357   SSITT: A Prospective Trial of Strategic Treatment Interruptions in 128 Patients.

C. Fagard1, M. Lebraz1, H. Gunthard4, C. Tortajada8, F. Garcia8, Battegay3, H. J. Furrer5, P. Vernazza6, E. Bernasconi2, L. Ruiz8, A. Telenti7, A. Oxenius9, R. Phillips9, S. Yerly1, J. Gatell8, R. Weber4, T. Perneger1, P. Erb3, L. Perrin1, and B. Hirschel*1for the Swiss HIV Cohort Study.
1Geneva, Switzerland;2Lugano, Switzerland;3Basel, Switzerland;4Zürich, Switzerland;5Bern, Switzerland;6St. Gall, Switzerland;7Lausanne, Switzerland;8Barcelona, Spain; and9Oxford, UK.

Background:HIV-specific immune responses (IR) decrease during HAART. Rebounds during treatment (Rx) interruption may stimulate IR and eventually permit discontinuation of HAART.
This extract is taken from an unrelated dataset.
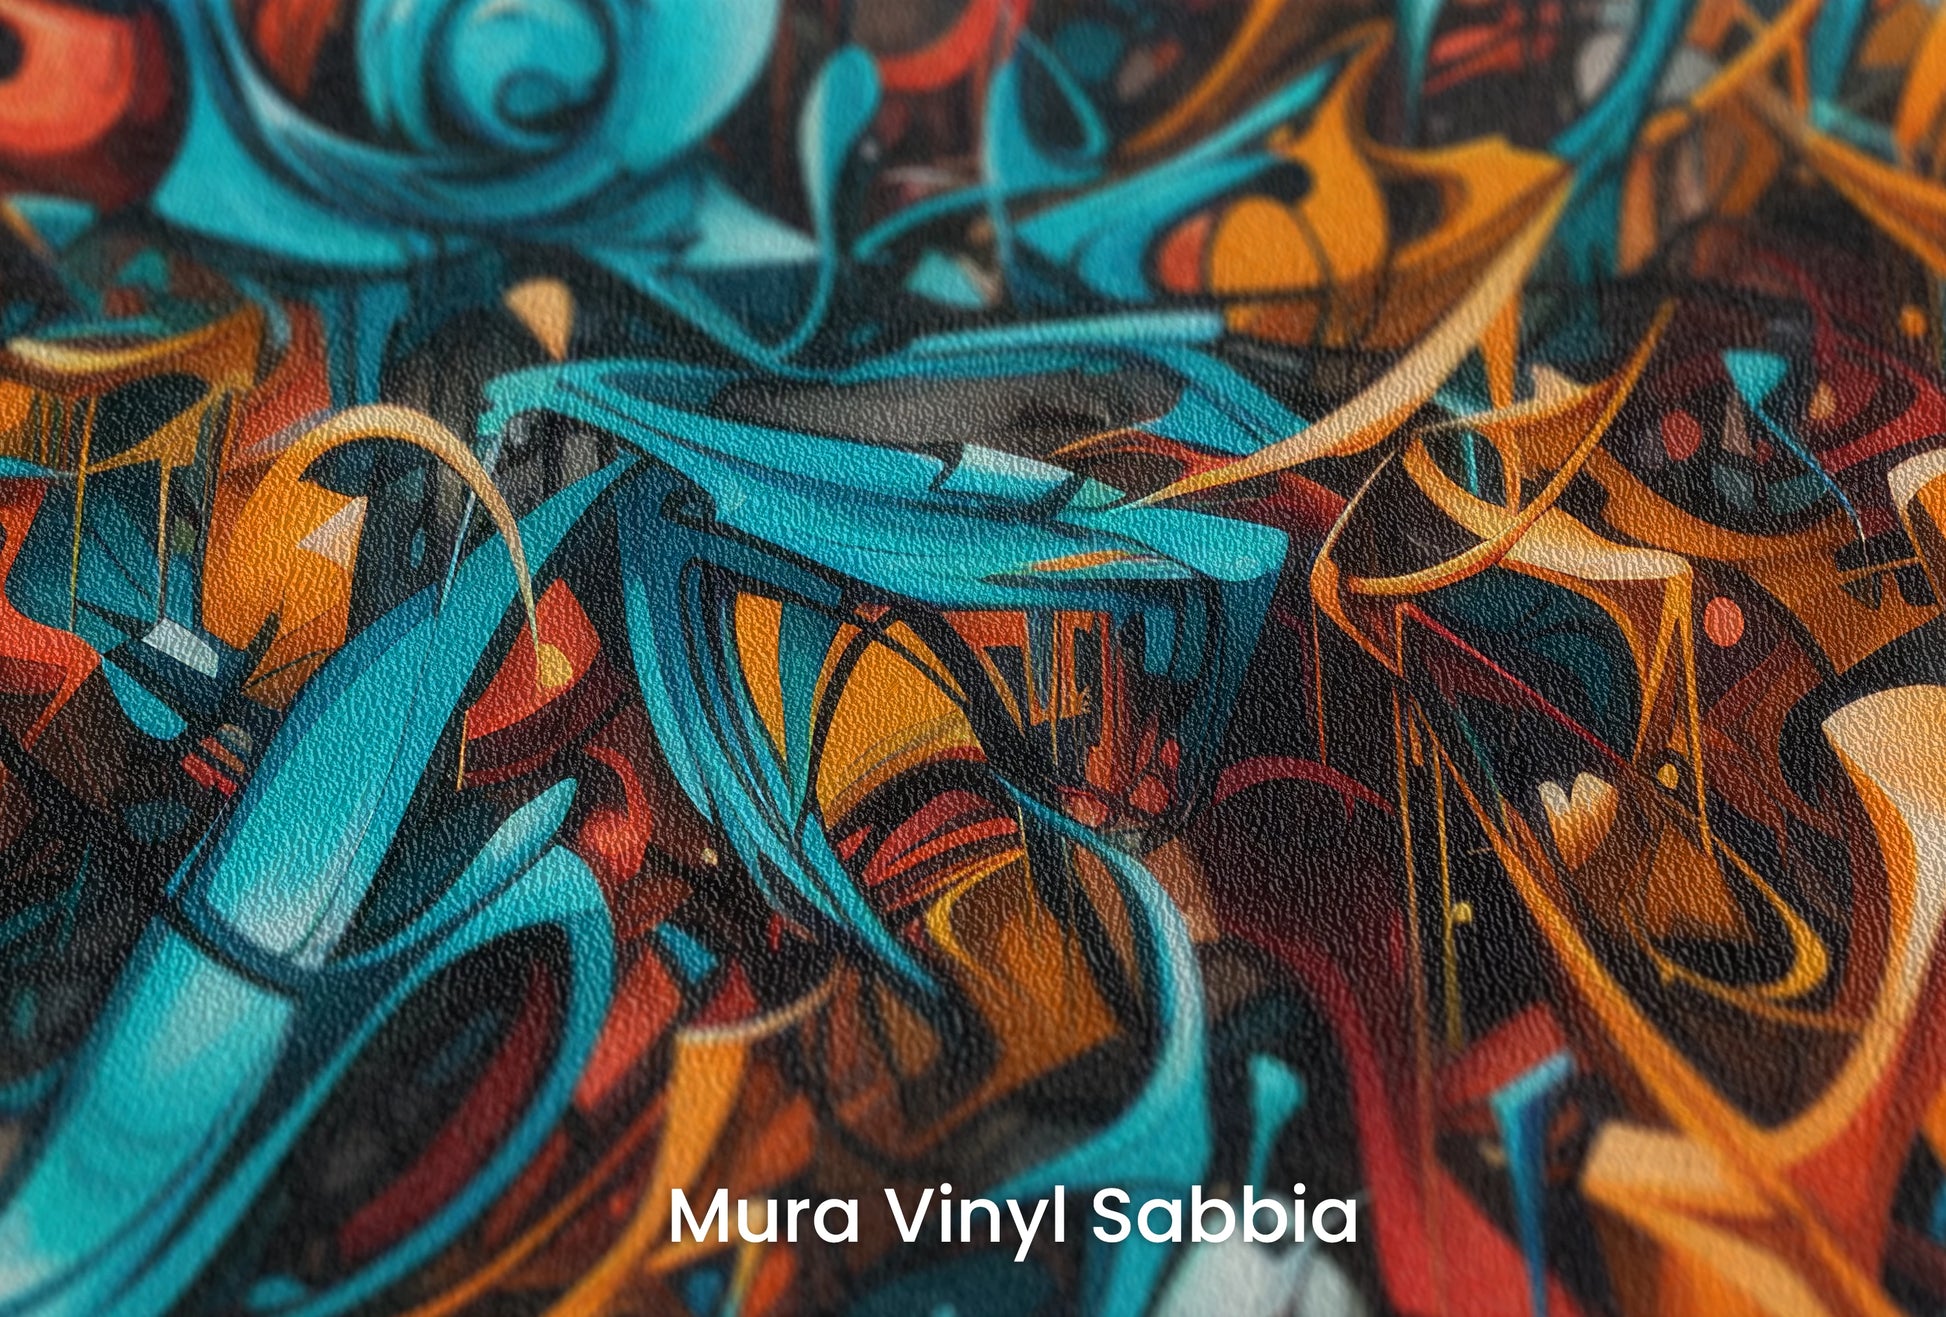 Zbliżenie na artystyczną fototapetę o nazwie Abstract Turmoil na podłożu Mura Vinyl Sabbia struktura grubego ziarna piasku.

Methods:The Swiss-Spanish Intermittent Treatment Trial (SSITT) enrolled patients (pts) who were ART-naive before HAART, without treatment failure during HAART, with VL <50 for >6 months, and NNRTI-naive. Rx is stopped for 2 wks and started again for 8 wks, for four cycles. Pts who fail to reach VL <50 upon re-treatment are excluded. At wk 40, Rx is definitely suspended unless VL rebounds >5000. Endpoints: amplitude of rebounds and N of pts with VL <5000 at wk 52. VL were measured by Roche HIV Monitor.

Results:128 patients were enrolled between April 1999 and March 2000. Before HAART: median CD4 count 388, median VL 4.5 logs. Median duration of HAART before SSITT was 26 months, and median CD4 at start of SITT was 727. 80 pts have had four Rx stops, and 55 have reached week 52. Viral rebound to >50 occurred in 76% of the first treatment stops and in 79% of the fourth treatment stops (P = NS). The median VL of later rebounds was similar to the median of the first rebound. There was no significant change in CD4 counts. 24/128 pts (19% so far) have not lowered their VL to <50 after re-treatment and were excluded; one of these developed resistance and required alternative therapy. High pre-ART VL and low CD4 counts, as well as high rebounds, predicted such failure (RH of 3.5 per log increase in rebound). In ITT analysis, 9/54 (17%, 95% CI 8—30%) had a VL <5000 after 12 weeks off therapy at wk 52, 3/55 (6%) <50. Many of these responders seem to have started HAART early after diagnosis/infection.

Conclusions:After four structured treatment interruptions, viremia remained <5000 copies after 12 weeks without therapy in about 1 in 6 patients. Immunologic and virologic correlates, as well as durability, of such responses will be presented.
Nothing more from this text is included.